The wide-field microscope analysis shown in Figure 8 suggested that the full N66 fragment produced preferential targeting to F-actin located in dendrites and spines, whereas the N9-52 fragment also labeled axons and growth cones. To explore further this apparent F-actin dependent mechanism of polarized targeting of ITPKA in neurons, we performed deconvolution confocal microscopy on cells cotransfected with GFP-tagged N66, N9-52, N15-66 or GFP alone—together with RFP as a cytosolic marker.

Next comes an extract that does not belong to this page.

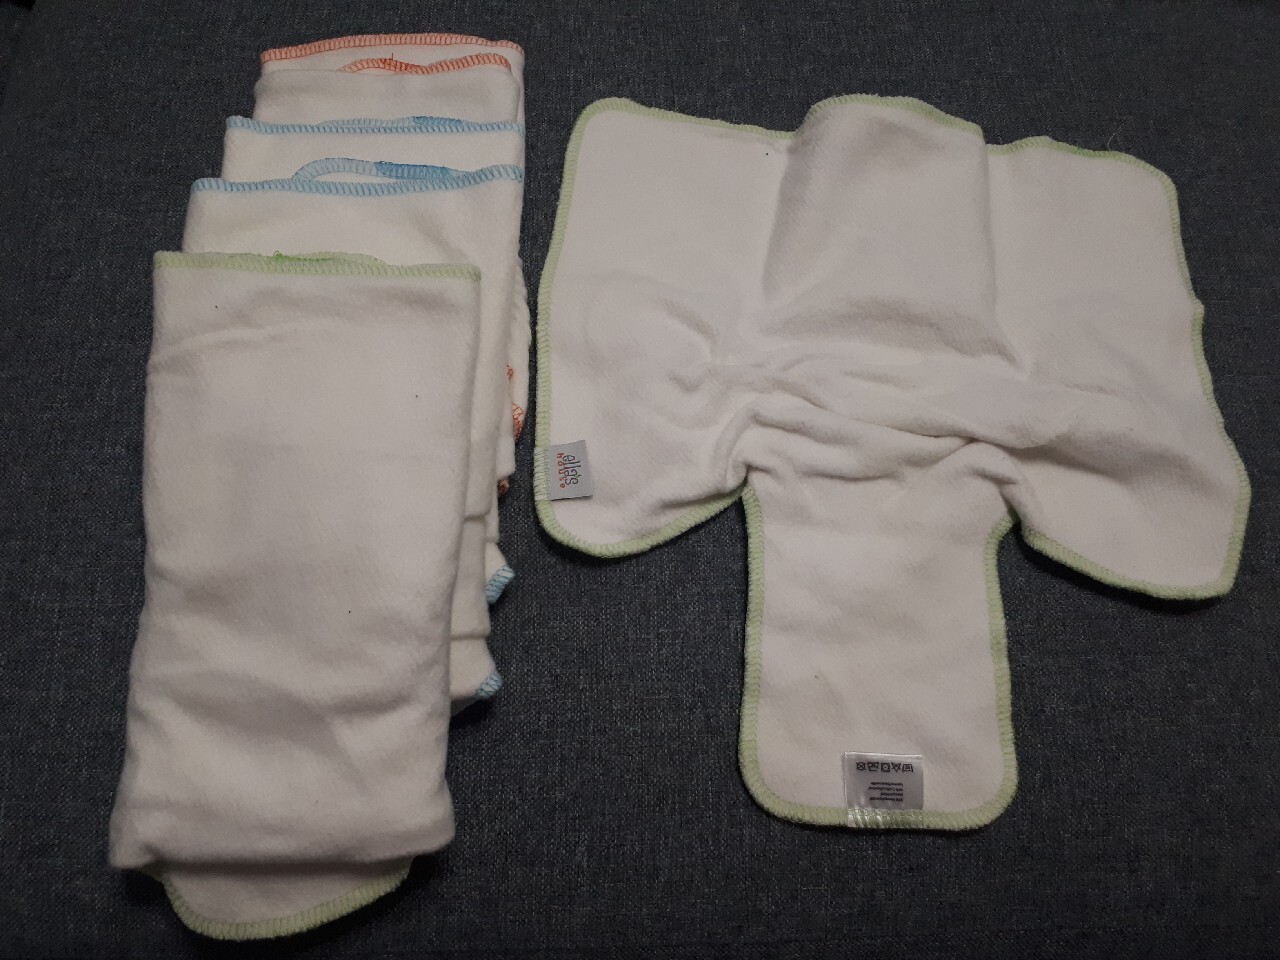 pampersy pampers 2 do 5

Cells were fixed and then additionally labeled with fluorescent phalloidin in the far-red channel to allow comparison of the constructs with a cytosolic marker and an F-actin marker simultaneously. We focused on axons and growth cones, because the F-actin microstructure is difficult to discern in these small compartments using a wide-field microscope. In confirmation of our preliminary impressions, N66 seldom labeled growth cones (defined morphologically), except rarely in very highly expressing cells (Figure 9A). By contrast, N9-52 prominently labeled F-actin in growth cones in almost every transfected neuron (Figure 9B). The N15-66-GFP and GFP alone were both colocalized with the soluble marker and not with phalloidin, consistent with our biochemical, morphological, and photobleaching studies. Although thin-caliber axons are not considered to be F-actin–rich structures, they do contain F-actin, which is important for regulating microtubule polarity (Hasaka et al., 2004). Our experiments suggest the presence of putative F-actin “hotspots” in the axon, which are labeled by N9-52. Additional live cell experiments below indicate that axons contain labile and dynamic regions, which can be visualized with N9-52-GFP (Figure 10).

ITPKA-mediated F-Actin Bundling Regulates F-Actin Motility in Dendritic Spines

To evaluate the consequences of the ITPKA interaction with F-actin, we examined the motility of ITPKA F-actin–binding fragments in live neurons. We collected time-lapse movies of 18 DIV neurons expressing either the full N66 binding/bundling domain or the N9-52 binding domain (Figure 10, and Supplementary Movies 4 and 5). By 18 DIV most of the neurons in the cultures display mature spines, which possess a discernable head and neck. To visualize motility, we created motility-grams, in which pixels that changed intensity between successive frames over the course of the time-lapse movie are shaded in red and then overlaid on the average neuronal fluorescence. F-actin motility visualized by N66 was largely constrained to the spine heads, and few regions of motility could be observed in axons (Figure 10, left side, and Supplementary Movie 4). By contrast, the 9-52 construct was a general marker of F-actin motility throughout the neurons and indicated extensive actin motility in spines and growth cones (Figure 10, right side, and Supplementary Movie 5).

High-magnification images of the spine morphologies and motile regions visualized by the two constructs (Figure 10, C–F) indicated that in both cases motility could be observed in dendritic spines (DS). However, the dendritic necks were obviously longer in the presence of N66 and the sites of motility were polarized toward the spine tips. Stubby spines, with small or absent dendritic necks, were rarely observed in the case of N66 expression, but were common when N9-52 was expressed. By contrast, the N9-52 construct showed the highest motility not in spines, but in axons. These “flares” of N9-52–labeled fluorescence would appear and disappear, as they transiently emanated from the axons and then retracted (Figure 10, E and F, and Supplementary Movie 5). In general, N66 expression and motility exhibited far more polarity than N9-52, both at the level of axons versus dendrites and also at the level of the spine head.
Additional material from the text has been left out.